You can use droppers or pipettes to get fo into vials.

I am headed out the door now and will set a swap up on Monday. 

Soap slivers are fine so long as we can smell the scent. We are just using them as fragrance samples. They are not intended for use so the size can be minimal.


----------



## Tabitha (Jun 2, 2011)

Dragonkaz said:
			
		

> Tabitha I'd be happy to be in this swap, but are there restrictions on what ingredients can be sent internationally?
> 
> I don't have glass vials, so it would have to be slivers of soap if I was in the swap.
> 
> I know that soap containing any bee ingredient can not be sent to New Zealand ... and I'm not sure about dairy products.  Are there other countries that have rules on specific products?



All countries will have different rules. We are not swapping 'soap' though. We are swapping fragrance samples. Some will be in liquid fo & some will be in solid form (oil & lye) but they are fragrance samples for the purpose of our swap, so it should not be an issue.


----------



## newbie (Jun 2, 2011)

I would love to be in on the swap. I'm also awaiting an order from daystar with some of the scents listed on here, but I don't have them yet. If we don't happen to have the FO on hand, but have a bar made with that scent, would it be acceptable to send a small slice of soap? At least people would be able to smell it.


----------



## JenniferSews (Jun 2, 2011)

I'm in.  Mine will be soap slivers though.


----------



## newbie (Jun 2, 2011)

Duh! That's what I get for not reading all the posts and just jumping on to say I'm interested. I see it's already been mentioned that soap slivers are fine. Sorry!


----------



## Adema (Jun 4, 2011)

I am in.. but it could take a while sending it from Iceland.

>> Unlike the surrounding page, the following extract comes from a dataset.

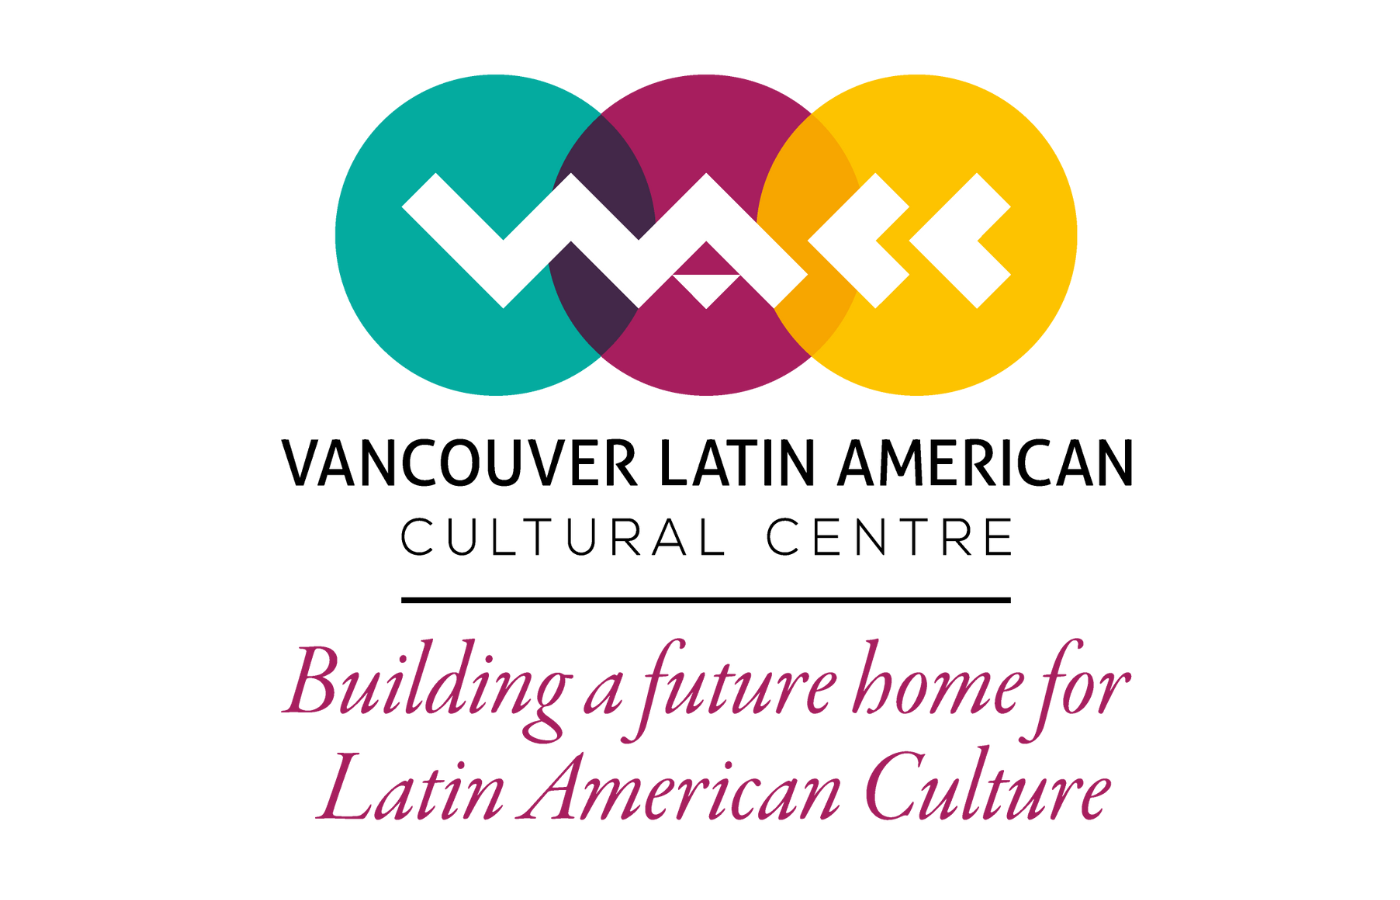 Logo for Vancouver Latin American Cultural Centre, with the tag line "Building a future home for Latin American Culture".

I am going to boston in 2 weeks maybe I could send it from there..?


----------



## pgnlady (Jun 4, 2011)

I can do slivers as well... or cotton ball sniffies for the one's I haven't soaped yet.  Just let me know.


----------



## lauramw71 (Jun 5, 2011)

I don't make soap, or have any of the lil perfume vials so I will have to sit this one out.


----------



## Bama (Jun 5, 2011)

I used some Drakkar FO and it is fabulous. I have more request from all the men in my family to make more.


----------



## NancyRogers (Jun 6, 2011)

Bama said:
			
		

> I used some Drakkar FO and it is fabulous. I have more request from all the men in my family to make more.



Do you mind sharing with us where you get your Drakkar?  How does it behave in CP?


----------



## Tabitha (Jun 9, 2011)

Th swap is up. I posted it in the swap forum.


----------



## honor435 (Jun 10, 2011)

Black canyon- peak( they have 25% off shipping right now)
all the men I make this for, come back for more! My hubby will not use anything else.


----------



## Guest (Jun 12, 2011)

Has anyone used sandlewood, just bought some, if so what would you mix it with?  tea tree oil?  Bergmont?


----------



## krissy (Jun 12, 2011)

sandalwood and vanilla is nice


----------